Batch operations at database speed. Observing 12,000 satellites in 17ms. 22,500 Lambert solves in 8.3 seconds. These aren’t optimized benchmarks — they’re SELECT statements running on commodity hardware.

Data correlation. The computation happens where your data lives. JOIN orbital results with contact schedules, frequency assignments, observation logs, or any other table. No ETL pipeline between Python and PostgreSQL.

Automatic parallelism. PostgreSQL’s query planner distributes PARALLEL SAFE functions across available cores. You don’t manage threads or multiprocessing pools.

Reproducibility. A SQL query is a complete, self-contained specification of a computation. No virtual environment, no package versions, no file paths. The same query produces the same result on any PostgreSQL instance with pg_orbit installed.

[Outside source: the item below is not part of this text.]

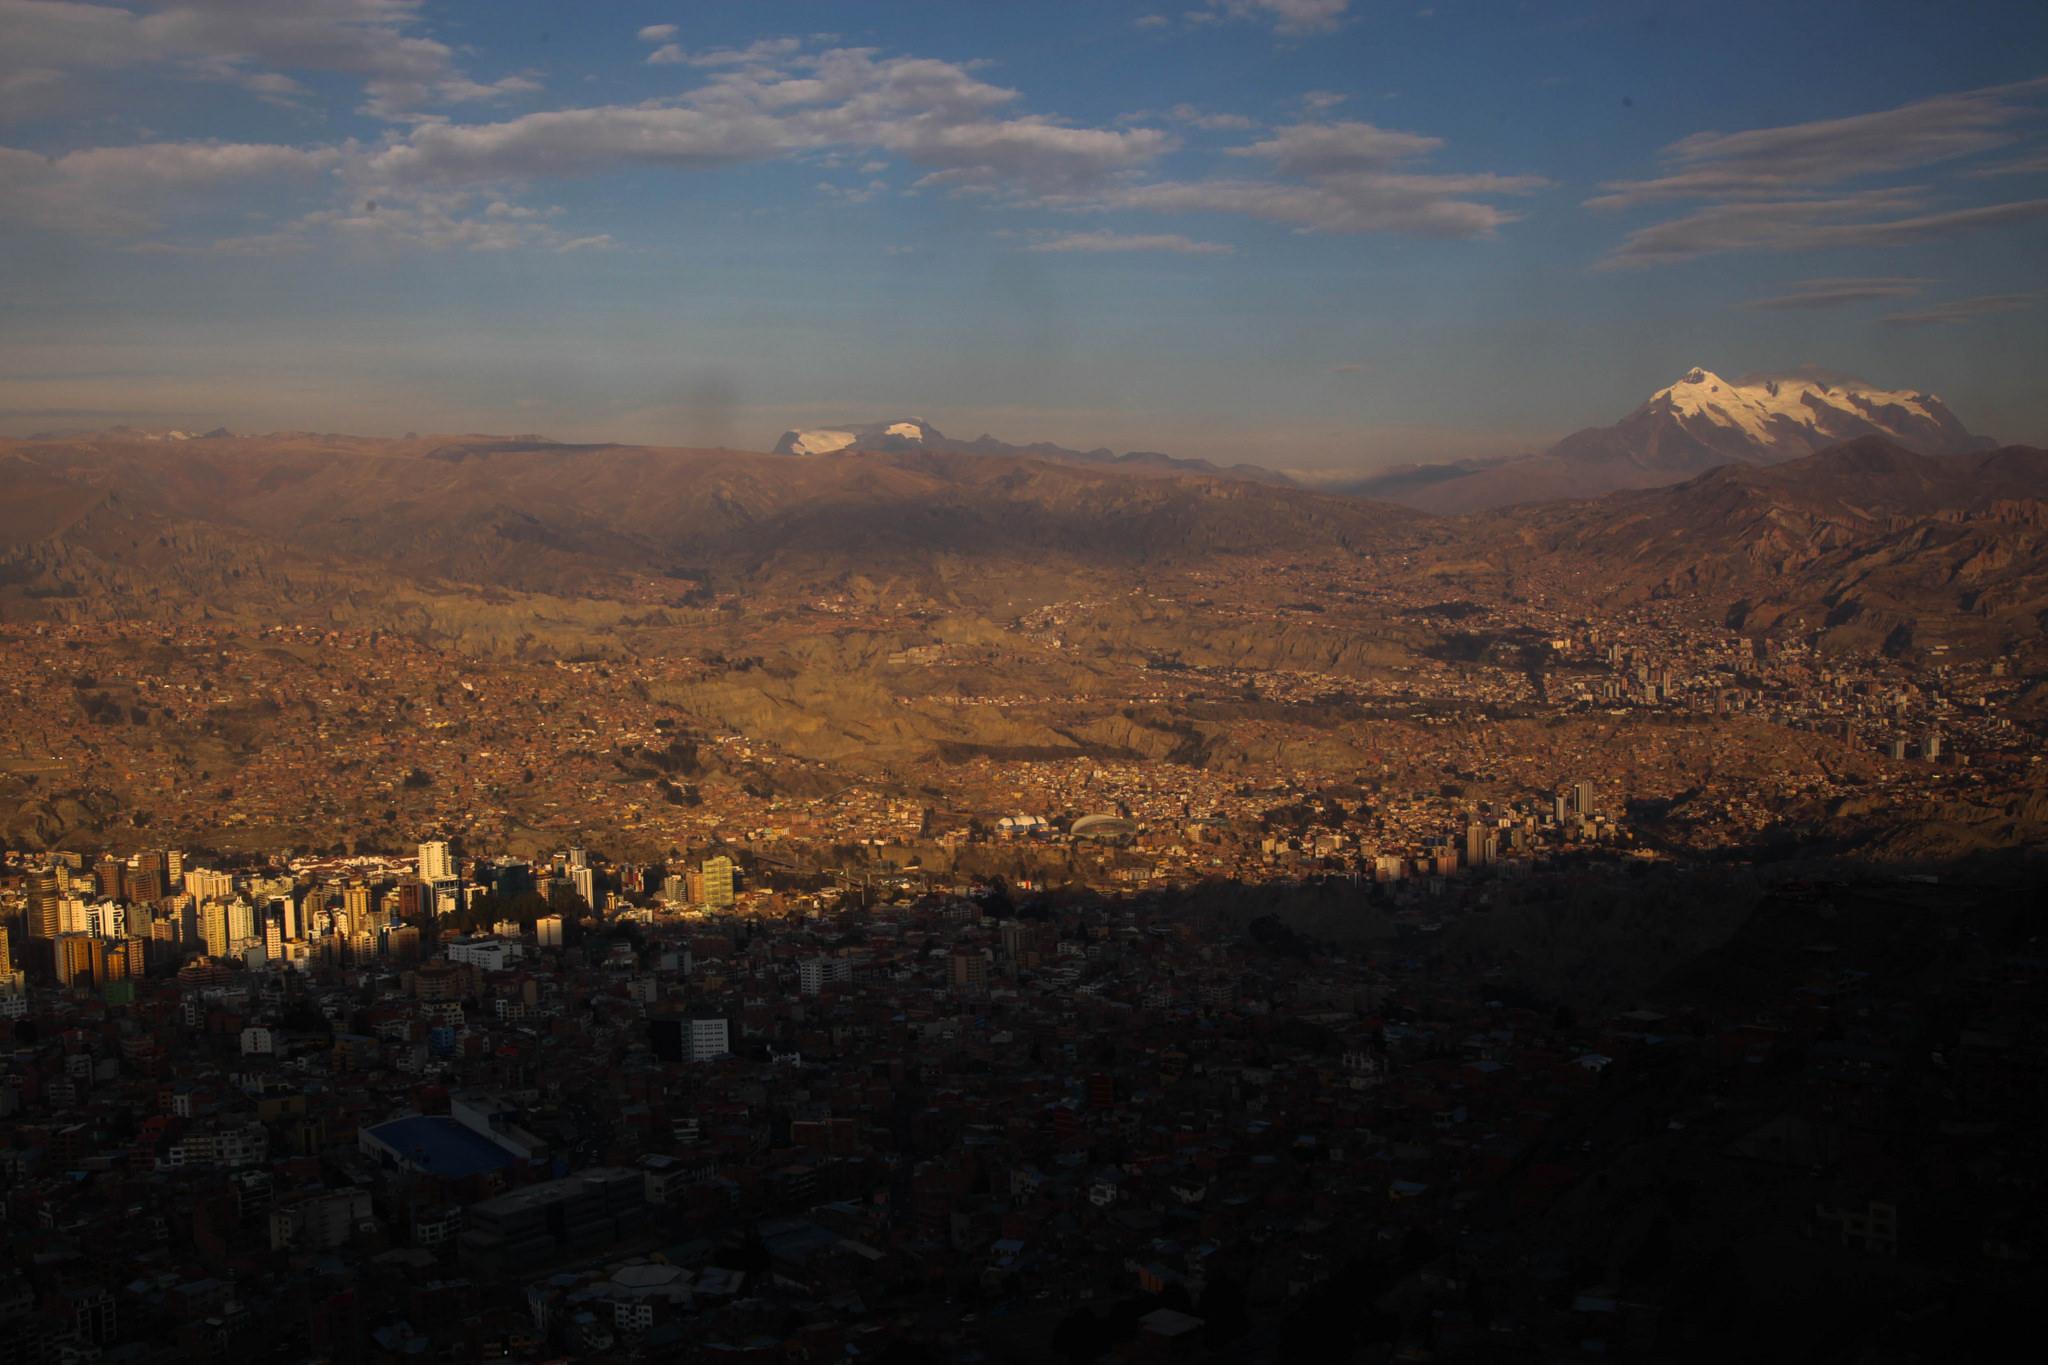 La Paz viewed from El Alto

You don’t have to choose one or the other. A practical migration path:

  1. Keep Skyfield for precision work. Anything requiring sub-arcsecond accuracy, aberration corrections, or custom BSP kernels stays in Python.

  2. Move batch observation to SQL. If you’re computing positions for hundreds of objects to filter or correlate with database records, pg_orbit eliminates the Python-to-PostgreSQL round trip.

  3. Move scheduling to SQL. Pass prediction and visibility windows over time ranges are natural generate_series + predict_passes queries.

  4. Move reporting to SQL. “What was above 20 degrees from each of our 5 observers last night?” is a single query with a CROSS JOIN, not a Python loop over observers and timestamps.